It is difficult to deny the fact that the two main military rivals to the United States — Russia and China — have been actively working to establish and/or expand their spheres of influence in areas around the globe that directly impact U.S. interests, as well as those of our nation’s allies and partners.
However, in what can only be described as a show of force intended to send a direct message to those rivals — as well as any others who’ve contemplated challenging the U.S. — the U.S. Navy just joined with a few European allies to send two major aircraft carrier strike groups into the Mediterranean Sea for joint exercises.
The U.S. Naval Institute reported that the “dual-carrier, multi-national operation” was composed of the USS John C. Stennis and USS Abraham Lincoln aircraft carriers.
The typical array of escorts those carriers usually travel with were joined in the exercises by additional warships, including guided-missile destroyers and frigates, from France, Spain and the United Kingdom.
U.S. ambassador to Russia, Jon Huntsman, was invited aboard the Lincoln to observe the exercises as they took place, perhaps signifying the fact that the military exercises were largely intended as a message to Russia and display of solidarity and cooperation among NATO allies.
In an interview with CNN, which was granted exclusive media access to document the maneuvers, Huntsman said, “When you have 200,000 tons of diplomacy that is cruising in the Mediterranean — this is what I call diplomacy, this is forward operating diplomacy — nothing else needs to be said.”
With the awesome power of the combined dual-carrier, multi-national strike force as a backdrop, Huntsman added, “You have all the confidence you need to sit down and try to find solutions to the problems that have divided us now for many, many years.”
With an eye toward Russia’s moves to establish and expand their military presence in places like Syria, as well as the neighboring Black Sea and even in the waters of the Arctic, Huntsman said the massive exercise was as much a warning to Russia as it was a display of the commitment America had to the NATO alliance.
“This is a focus on our NATO colleagues and ensuring that we have the proper messages of reassurance, of collaboration, of a commitment to the region,” Huntsman said. “One that has been very troubled because of some of Russia’s actions. And we’re not leaving and NATO is still the strongest collective security organization in history and we’re a big part of it.”
A media release from the U.S. Naval Forces in Europe-Africa/U.S. 6th Fleet noted that the operation was under the command of Admiral James Foggo III, who commands all U.S. Naval forces in the European/African theater and is based out of the Allied Joint Force Command in Naples, Italy.
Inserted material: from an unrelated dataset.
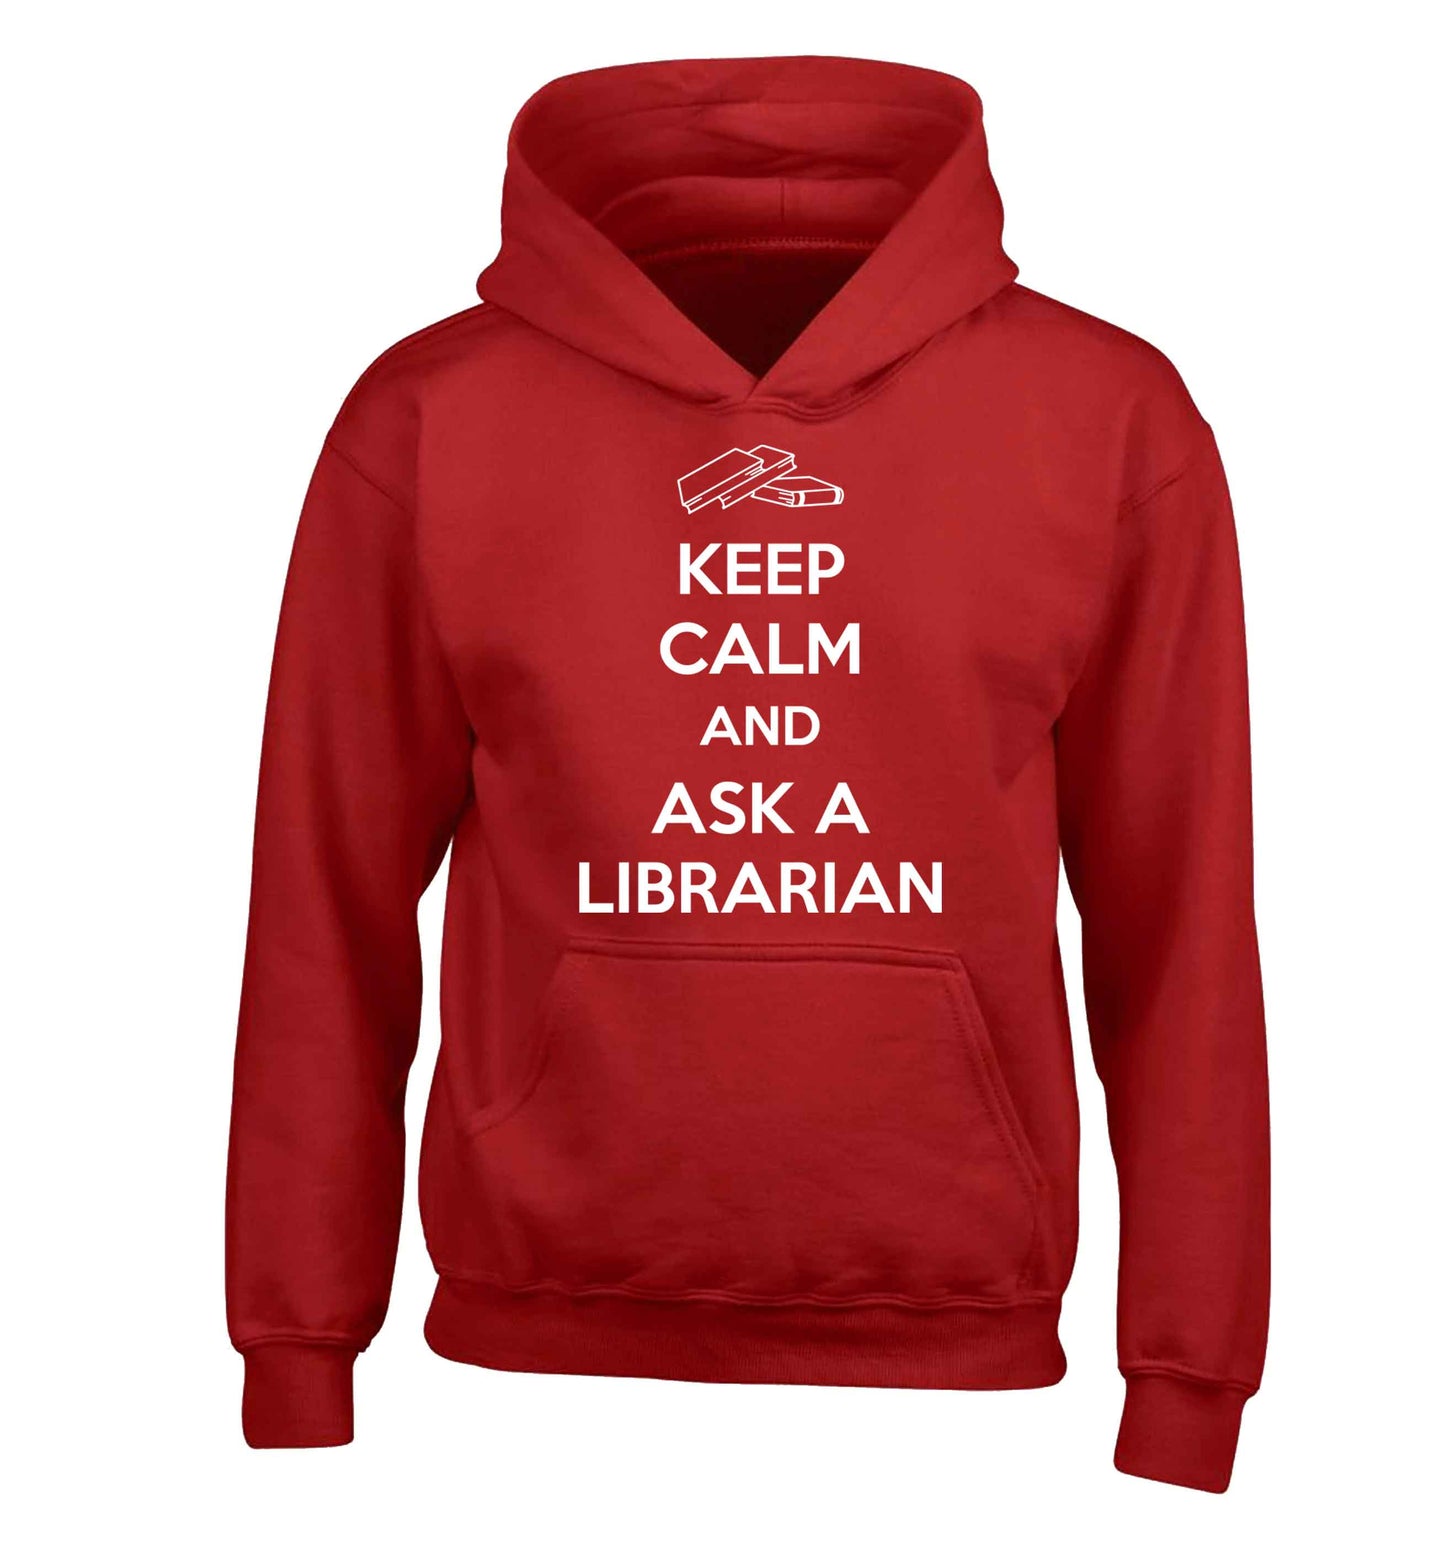 Keep calm and ask a librarian children's red hoodie 12-13 Years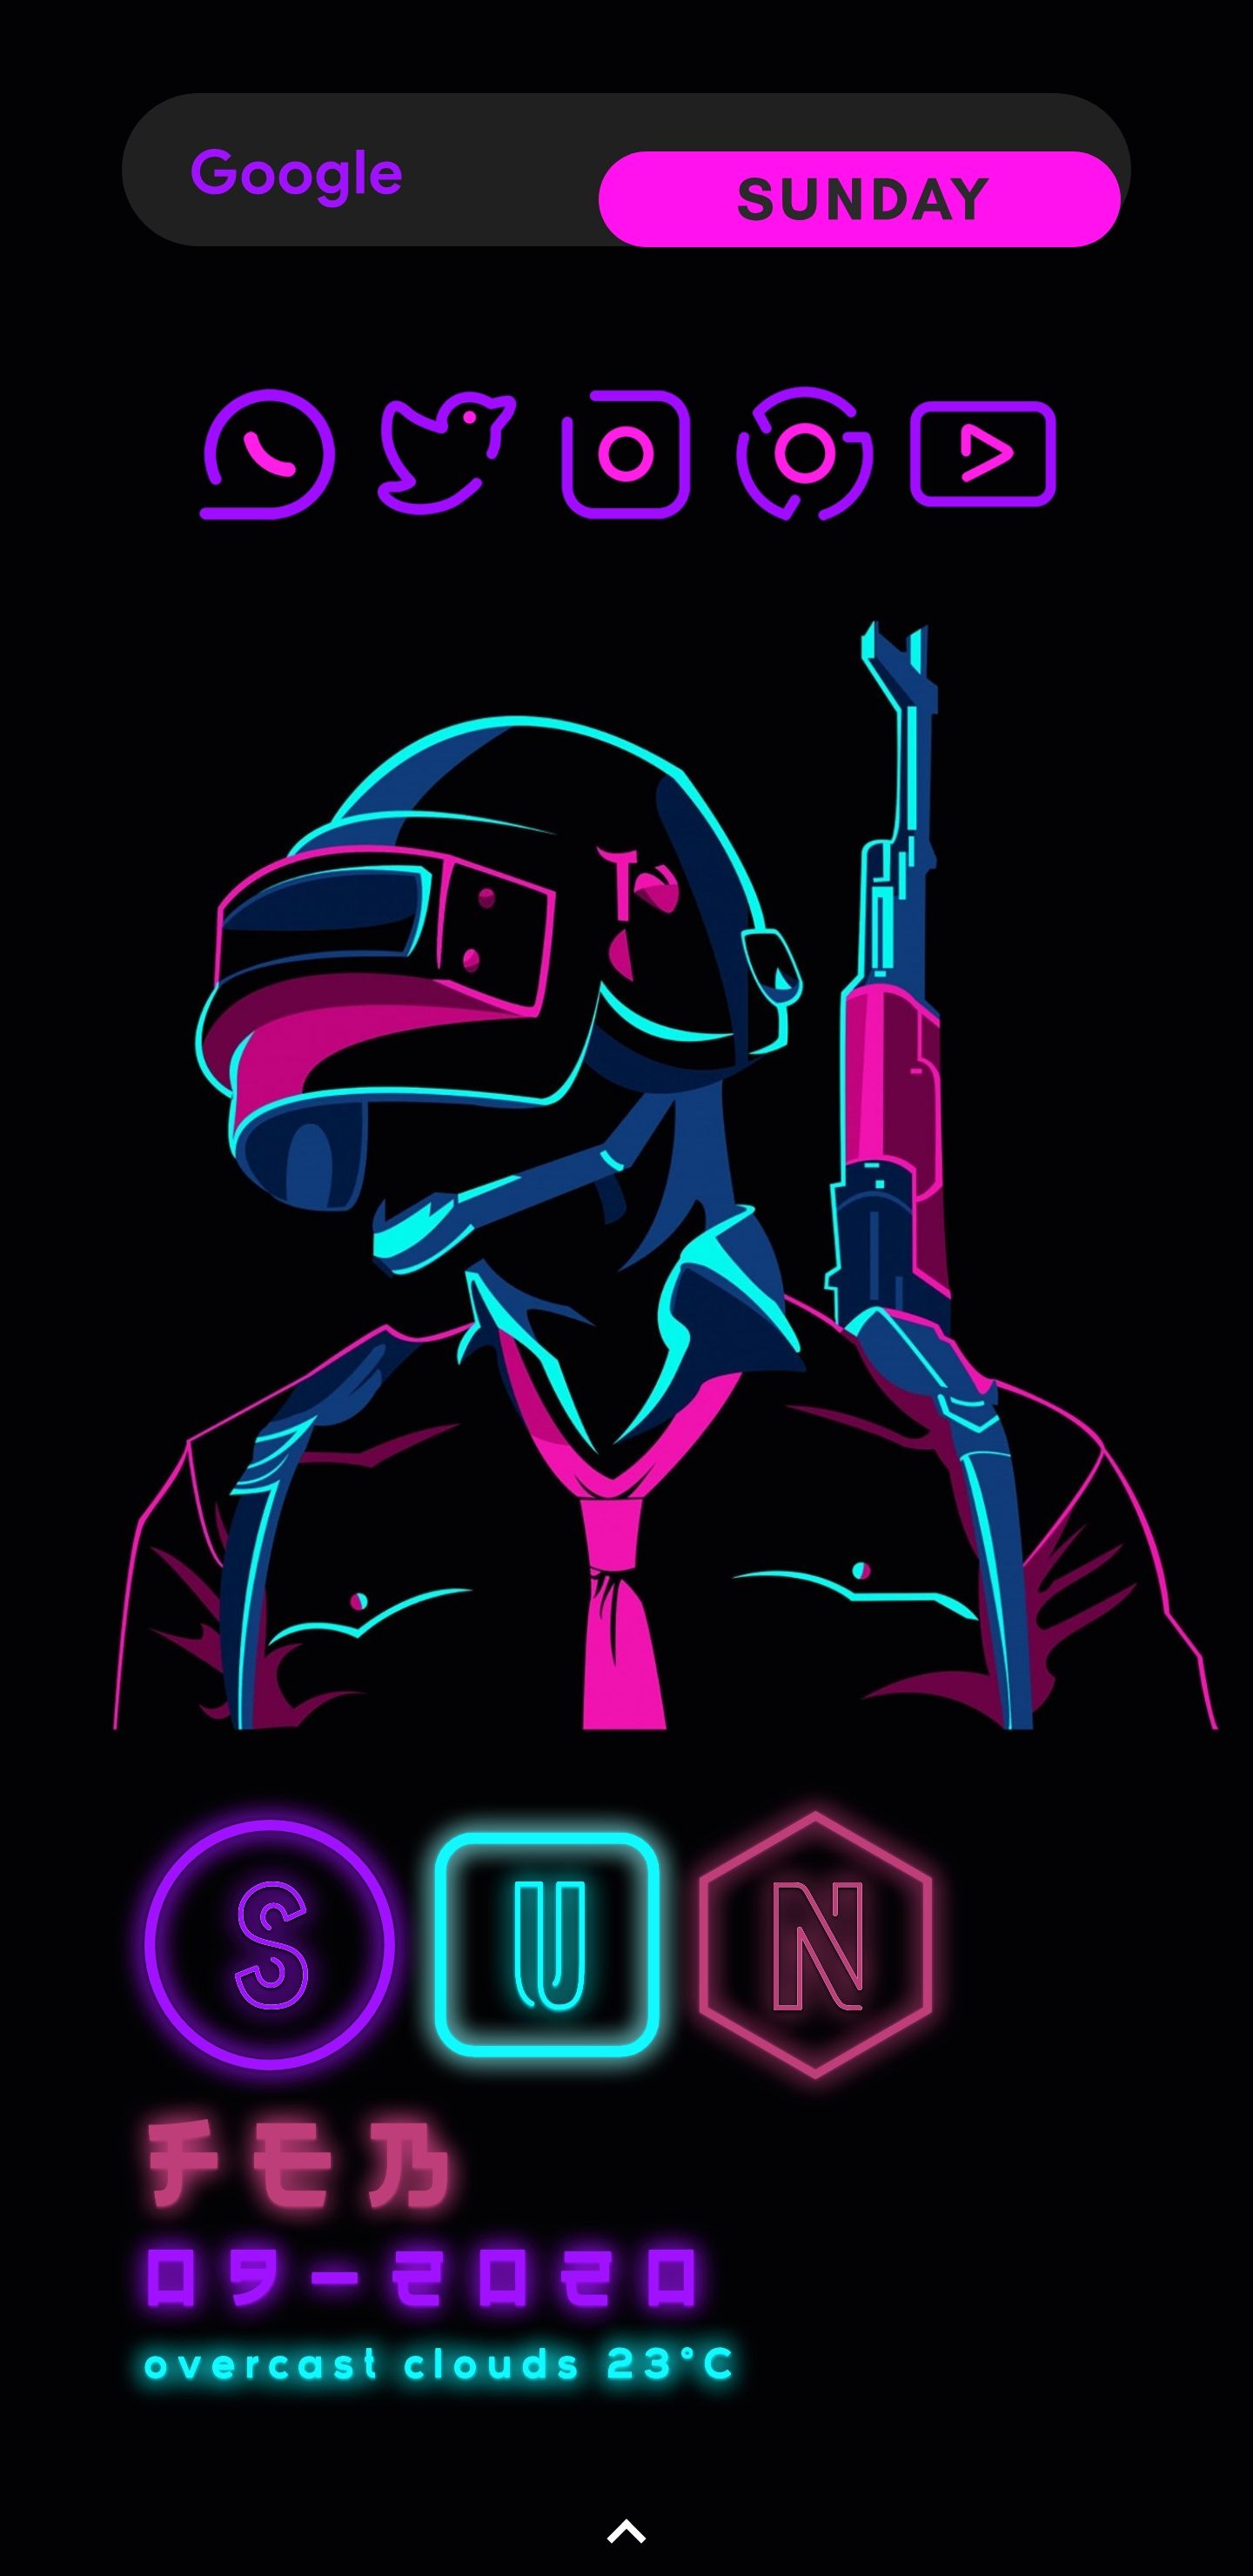 Pubg android android wallpaper neon wallpaper gaming wallpapers hd

“In the era of great power competition, particularly in the maritime domain, one carrier strike group provides tremendous operational flexibility and agility,” Foggo explained.
“Two carrier strike groups operating simultaneously, while also integrating and advancing interoperability with our highly capable NATO allies and partners, provides an unprecedented deterrent against unilateral aggression, as well as combined lethality,” he added. “It also should leave no doubt to our nations’ shared commitment to security and stability in the region.”
The dual-carrier, multi-national operation involved a grand total of 130 aircraft, 10 ships and more than 9,000 sailors and Marines, who took part in a number of various exercises and scenarios that utilized the unique capabilities of the two air wings and multiple different-classed surface ships.
USNI noted that the exercise occurred as the two separate carrier groups were passing each other, one on the way home and the other having just started a new tour.
The Stennis group is set to return to its homeport in Norfolk, Virginia, for refueling and an overhaul. The Lincoln group just left Norfolk in March for a roundabout journey through the waters of Europe, the Middle East and the Pacific prior to ending up at its new homeport in San Diego, California.
There should be little doubt that the message sent by this dual-carrier, multi-national operation in the Mediterranean was received loud and clear by the likes of Russia, China, and even Iran, and though none of those rival nations are likely to openly admit it, the show of force almost certainly will cause them to think twice before challenging U.S. naval supremacy in that region, or anywhere else, for that matter.